For awhile, I felt their death as a coldness, an absence, an unfairness. Slowly, imperceptibly, those feelings changed until, after about two years, their absence began to feel like its opposite, a different kind of presence. The pain of separation disappeared and I, as did the rest of my brothers and sisters, began to feel their warm presence again, in a new, more–enduring way. Moreover, whatever faults and deficiencies they might have had in life now seemed purified, washed clean by their deaths.

In that experience, I got a taste of the great mystery of the ascension, the mystery of how in having to let go of one kind of presence, however painful that may be, we receive a new, more–enduring presence, that of spirit.

The ascension is perhaps the least understood of all the major mysteries within Christianity — perhaps more “under–understood” than misunderstood. We tend to picture the ascension more than theologize about it. Mention of the ascension tends to set loose a picture (given us by St. Luke) of the resurrected body of Jesus ascending like a slow–motion satellite at Cape Canaveral, with Jesus waving goodbye and blessing us as he drifts slowly upwards through the clouds. A beautiful icon. But what is this mystery really?
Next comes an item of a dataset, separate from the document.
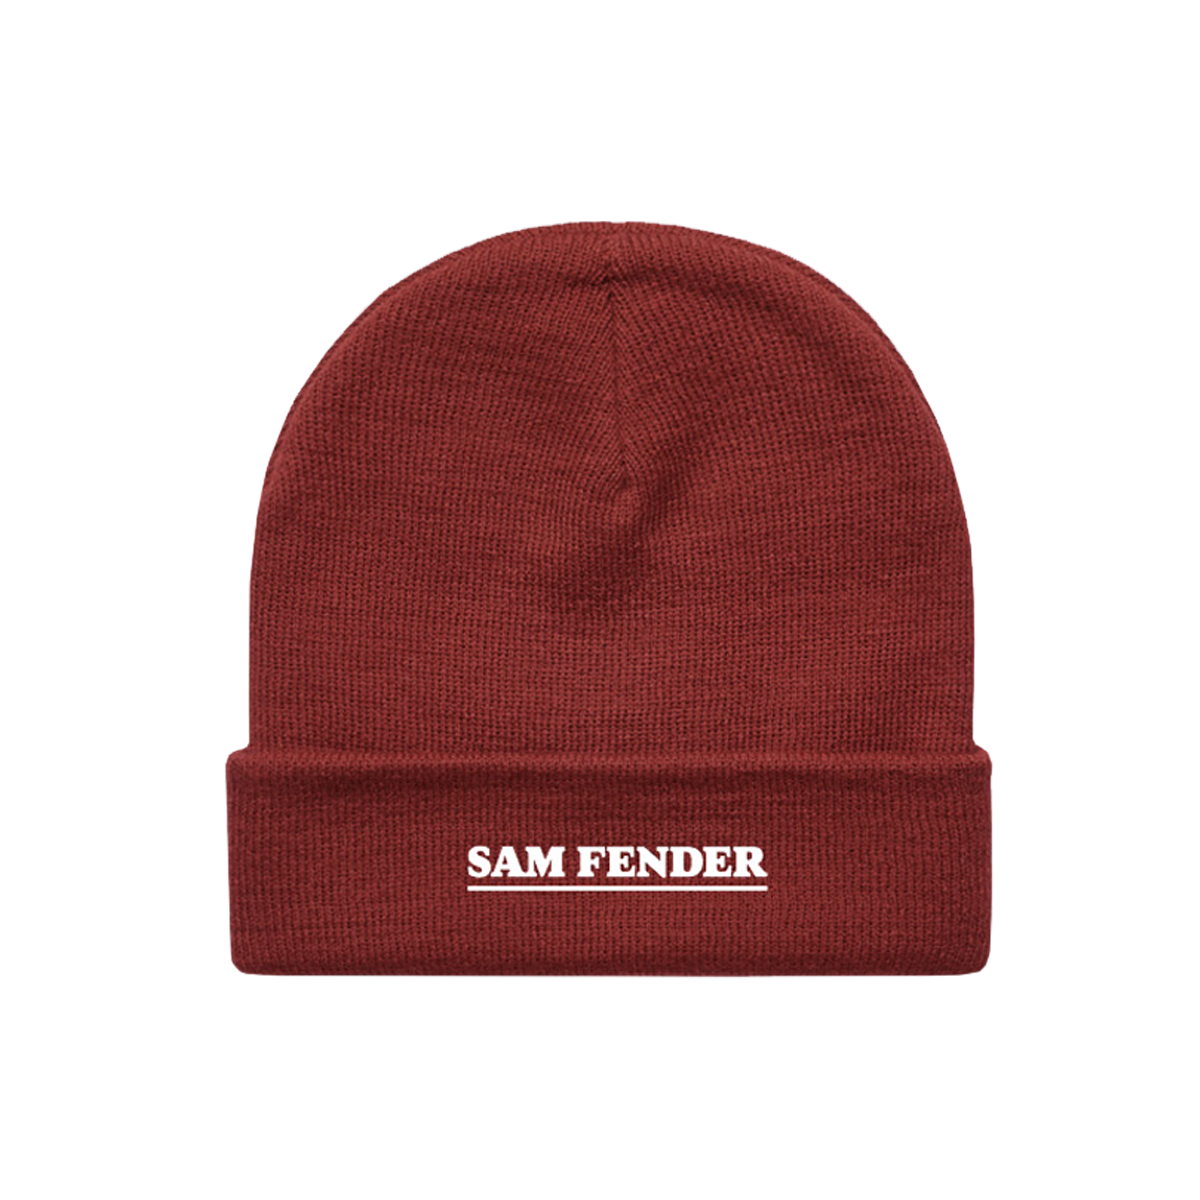 Sam Fender - Sam Fender Red Embroidered Beanie Hat

The ascension, in essence, is the mystery that explains the transition between the earthly and the enduring presence of Jesus. What does this mean? Perhaps John's gospel is easiest to understand here. John expresses the idea of the ascension in the concept of “not clinging”, of letting go of Jesus as we once had him in order to be able to receive his new, resurrected presence, now given in his spirit, the Holy Spirit. The other gospels employ a different image, but with the same idea: The Jesus who walked this earth with us, whom we touched physically, who ate fish in front of us even after the resurrection — but who was then circumscribed and limited in his presence by that physical tangibility — must be let go of so that he can now be with us in a richer, fuller way.
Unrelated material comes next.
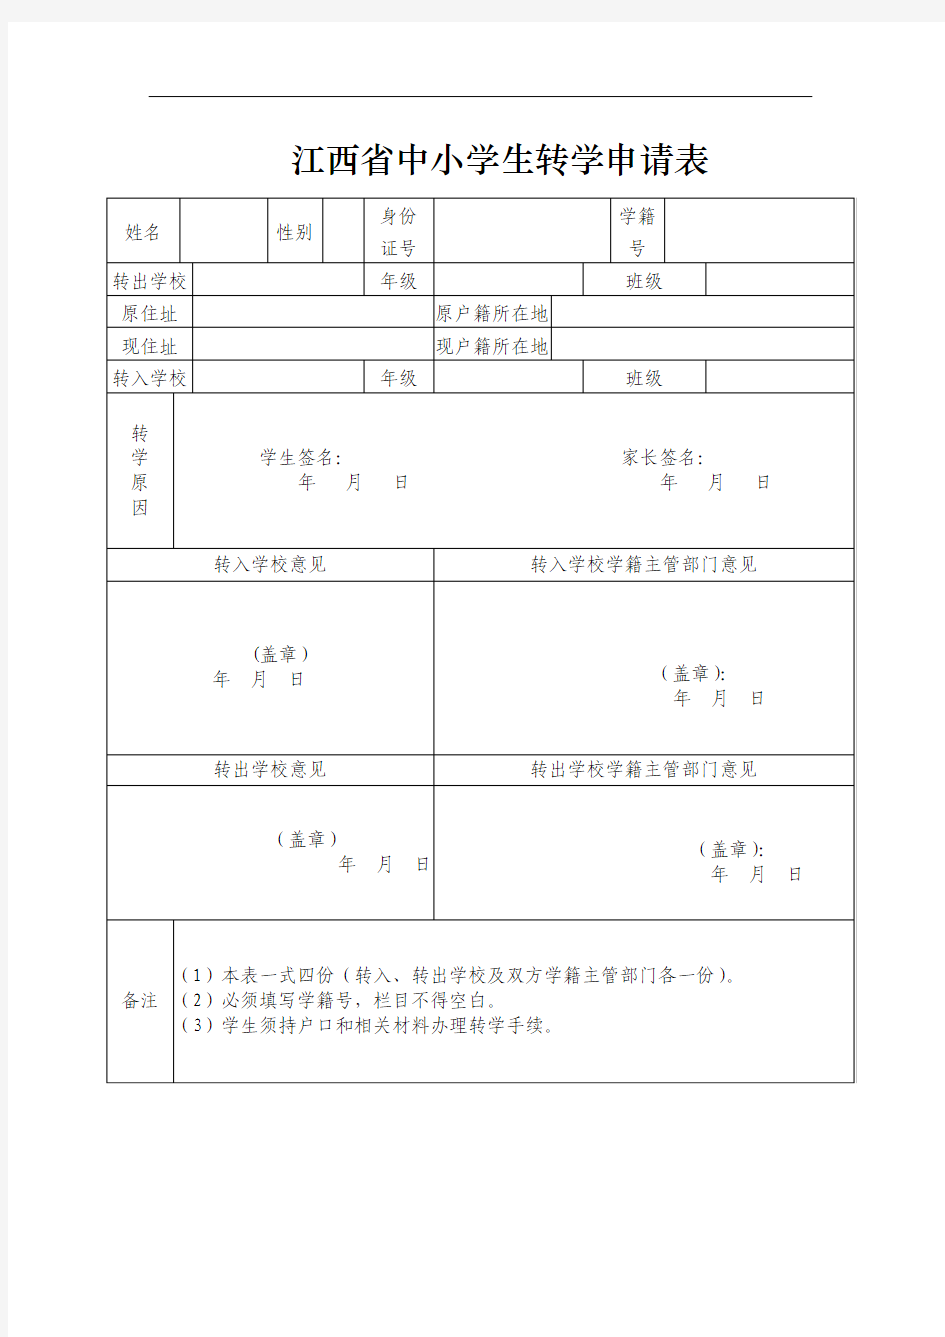 江西省中小学生转学申请表(修改版)

Moreover, this concept does not just describe an event in Jesus' life, it throws light on the entire mystery of human love and intimacy, revealing there a great paradox, a puzzling interplay between presence and absence, between physical touch and enduring spirit, between having to let go of one kind of presence in order to receive another. And always it involves a pain that stretches us.

In John's gospel, when Jesus is preparing his followers for the ascension, he keeps saying these words over and over again: “It is better for you that I go away because only if I go, can I send you the spirit. You will be sad now, but your sadness will turn to joy.” John adds the cryptic phrase, “For, as yet, there was no Holy Spirit since Jesus had not yet been glorified.” How is this possible? Doesn't the Spirit pre–exist inside God from all eternity?

John is not commenting here on the Holy Spirit's pre–existence. What he is saying is intended to help us understand a certain something within the mystery of Jesus' death and within the mystery of life in general. What? Among other things, this:

Every time a child grows up and leaves home, he or she could say the same words Jesus did: “It is better that I go. Only then can you receive my new spirit — right now that spirit doesn't exist because I haven't yet gone away.” This is even more true when a mother or father is dying. Had a dying parent full faith, full courage, and full words, he or she could say to the family: “It is better for you that I go away. Only then can you receive my spirit. You will be sad now, my death will feel like a coldness, an absence, but one day that will turn to warmth, to a new enduring presence, my spirit.” Indeed, this is even true, in a miniature way, whenever we visit a friend. It is good that we come for a visit, it is also good that we leave. Our absence helps purify our presence, not just in the sense of “how can you miss me if I don't go away”, but in that much deeper sense, where only our leaving can release a fuller, more–enduring presence, our spirit.

Such is the dynamic of the ascension: Spirit follows touch, healthy absence can help purify presence, and only a certain kind of going away can keep us together forever.